■ **Recorded data**
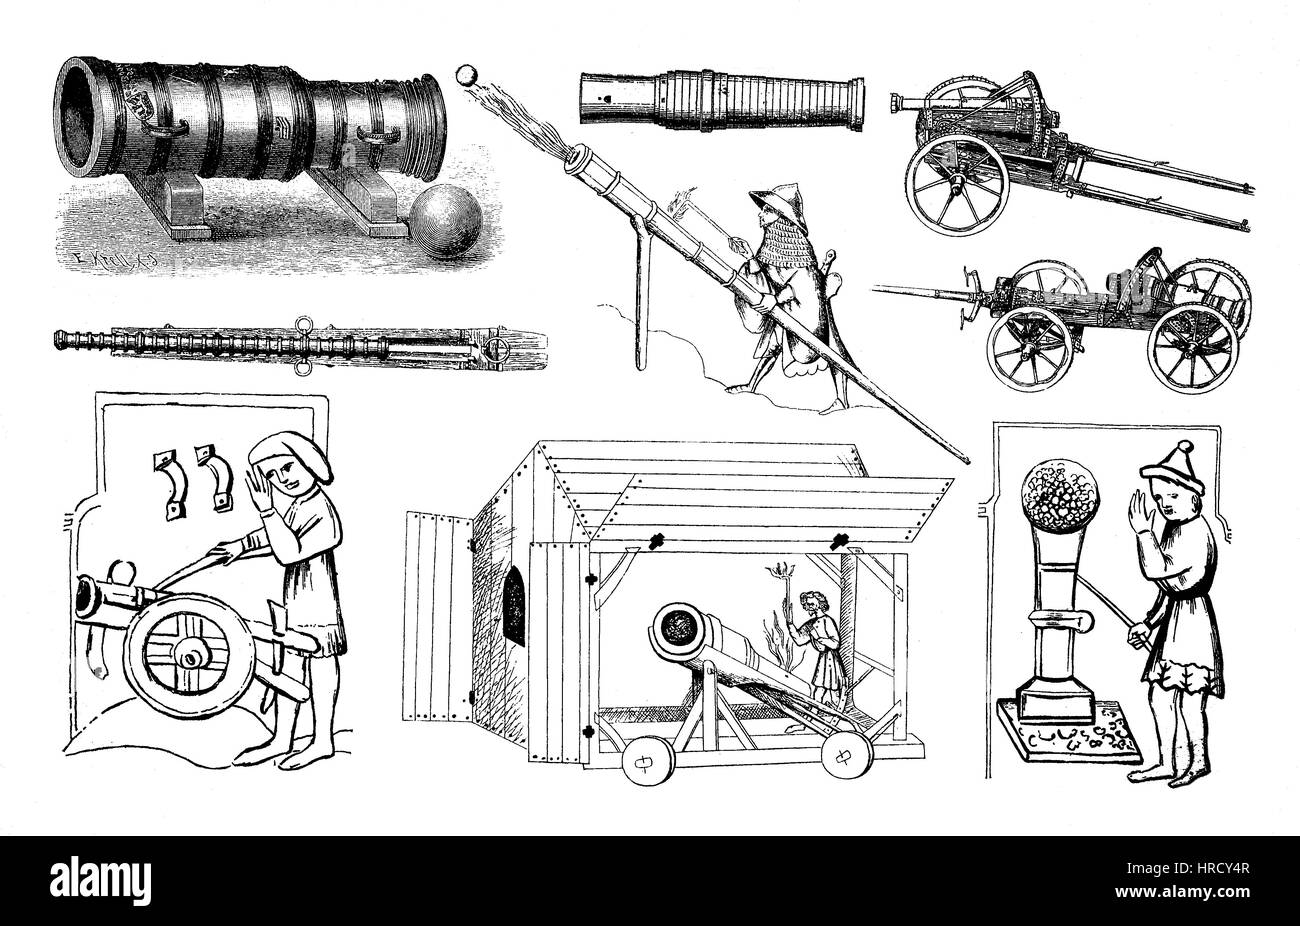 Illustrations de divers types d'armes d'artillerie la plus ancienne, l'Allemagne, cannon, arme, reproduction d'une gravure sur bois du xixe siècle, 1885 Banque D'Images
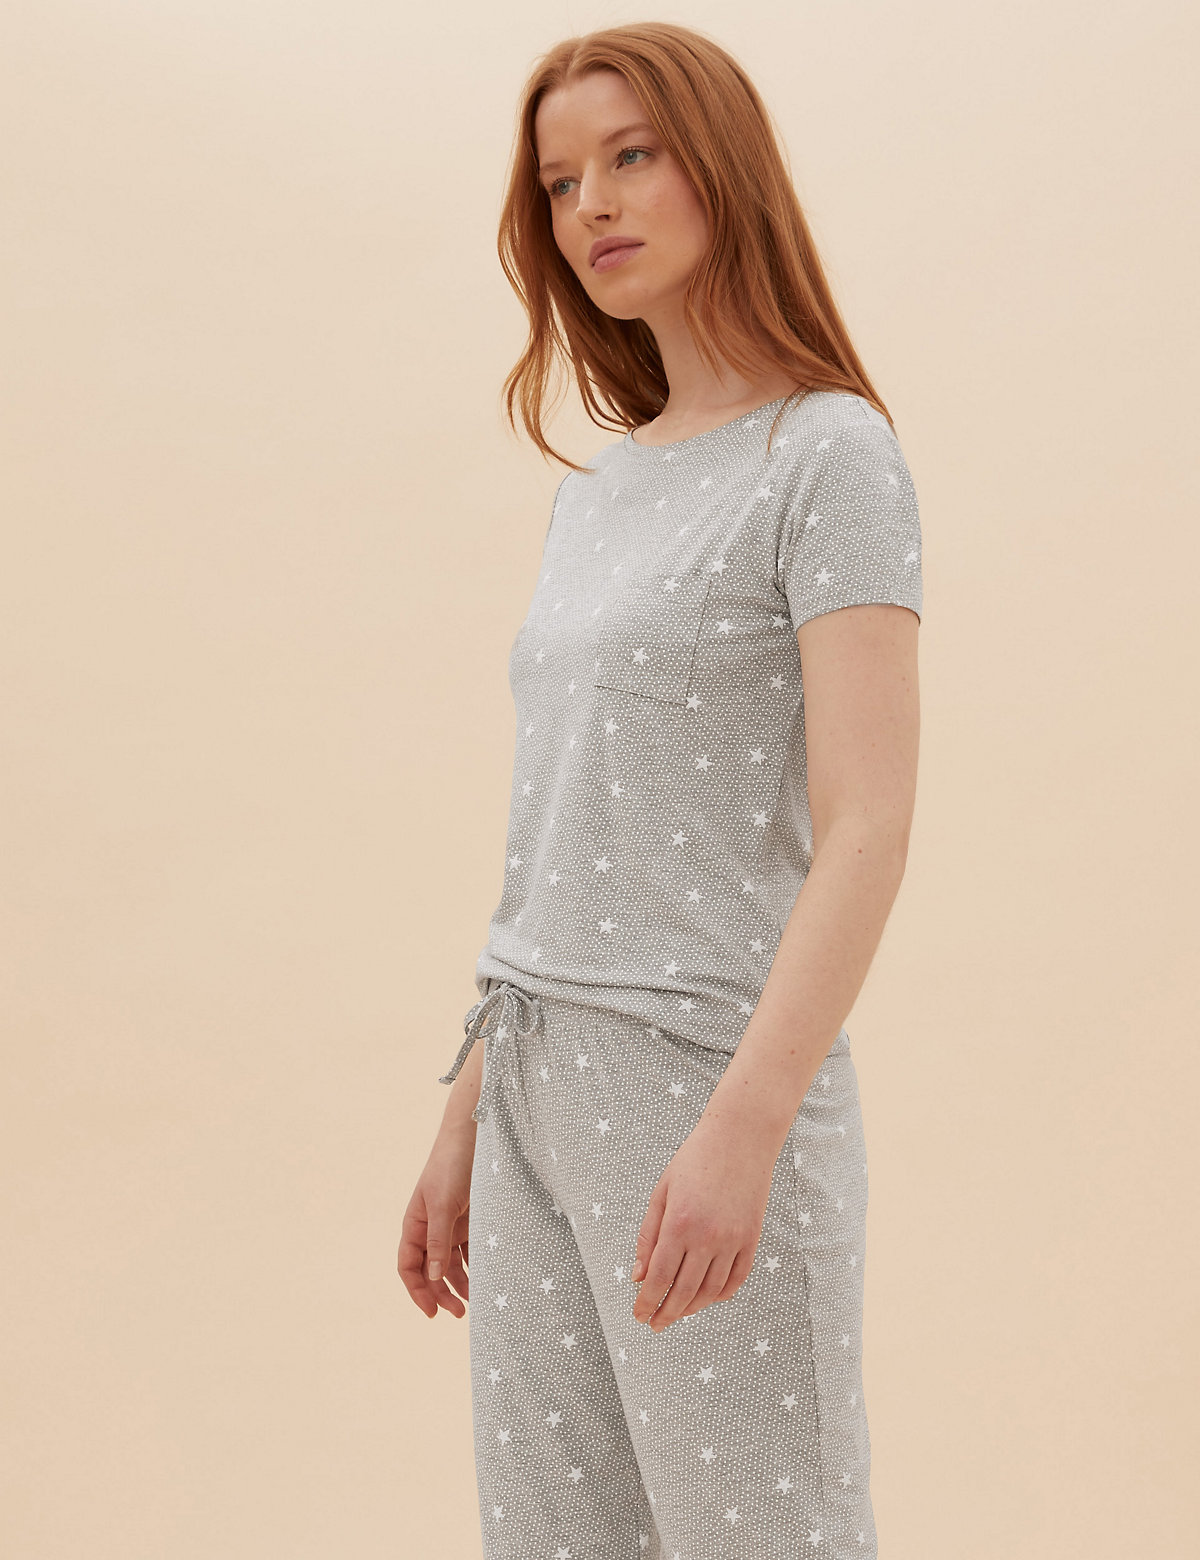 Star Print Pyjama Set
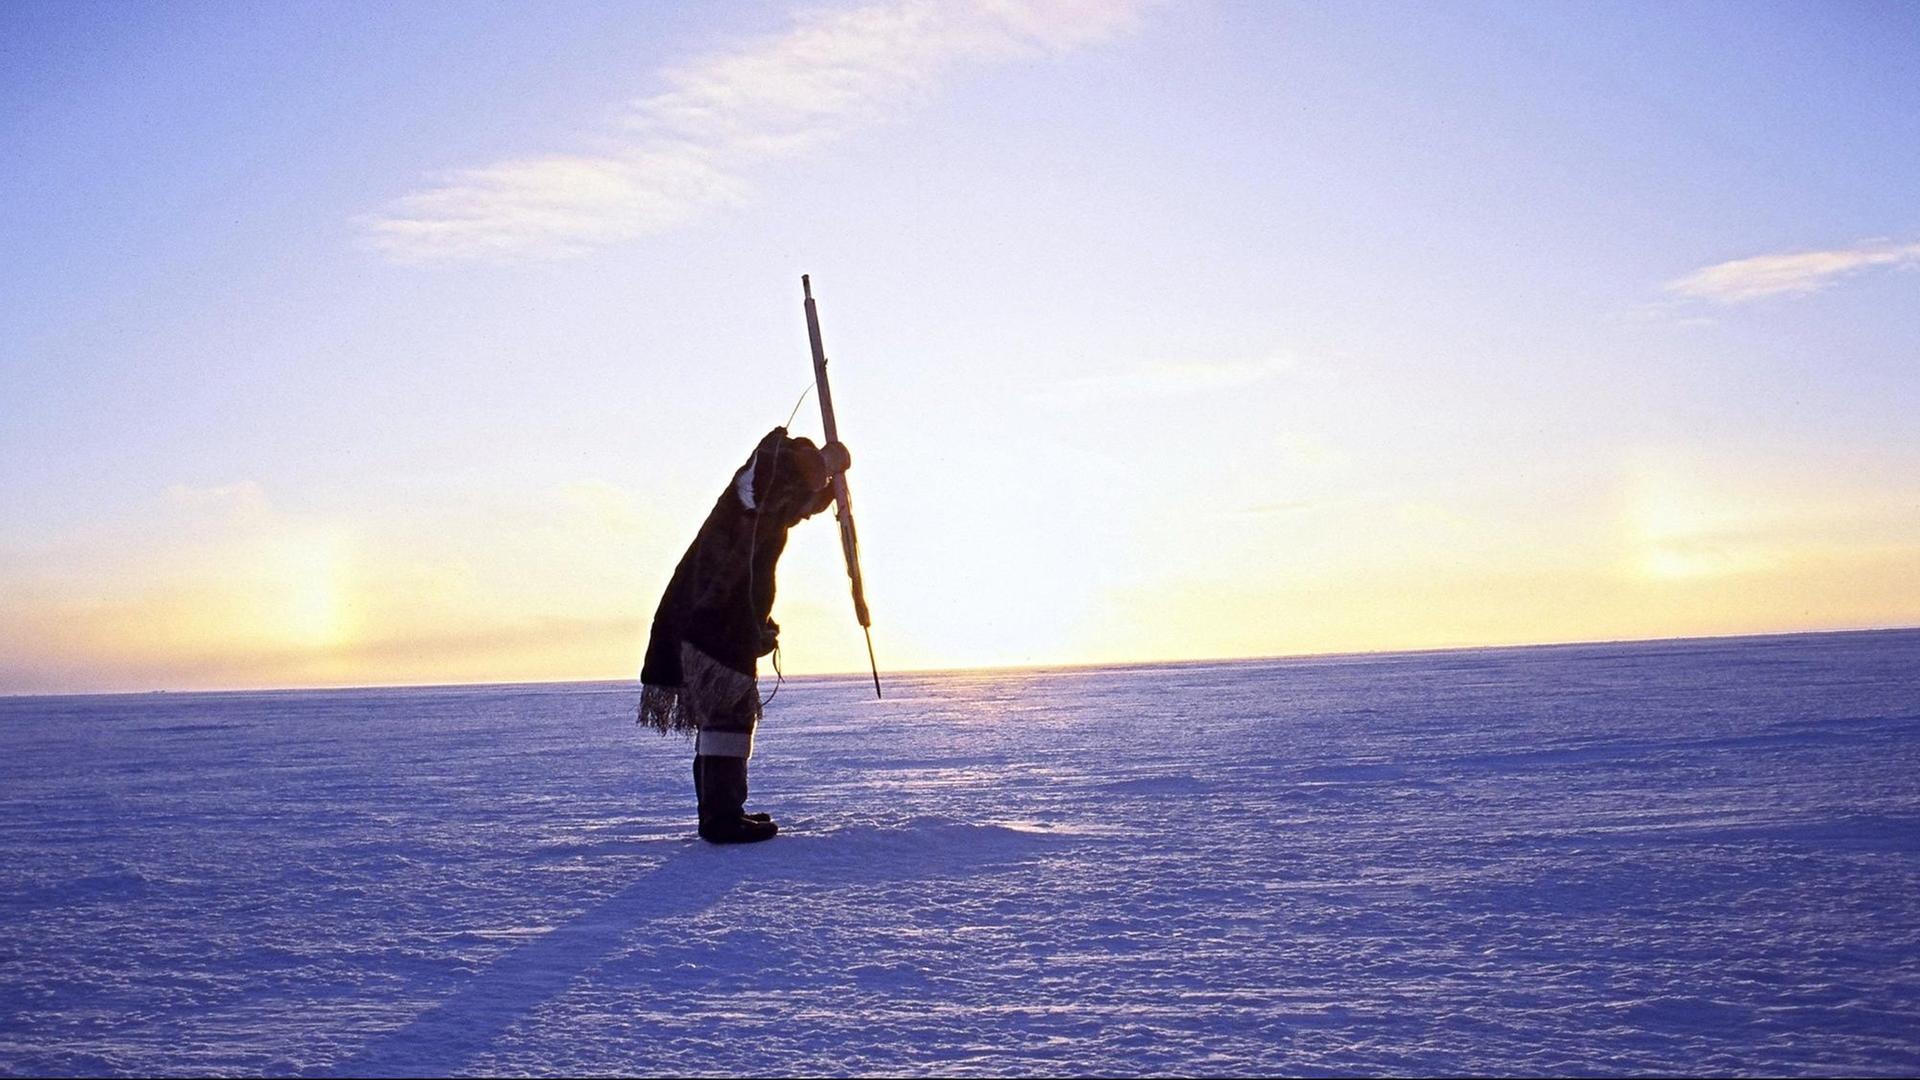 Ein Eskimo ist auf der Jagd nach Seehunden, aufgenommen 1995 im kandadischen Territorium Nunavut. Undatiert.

■ **Task brief**
Since the pictures are not wanted, write out the rest of the data exactly as it reads.

■ **Output for this task**
 Illustrations de divers types d'armes d'artillerie la plus ancienne, l'Allemagne, cannon, arme, reproduction d'une gravure sur bois du xixe siècle, 1885 Banque D'Images
 Star Print Pyjama Set
 Ein Eskimo ist auf der Jagd nach Seehunden, aufgenommen 1995 im kandadischen Territorium Nunavut. Undatiert.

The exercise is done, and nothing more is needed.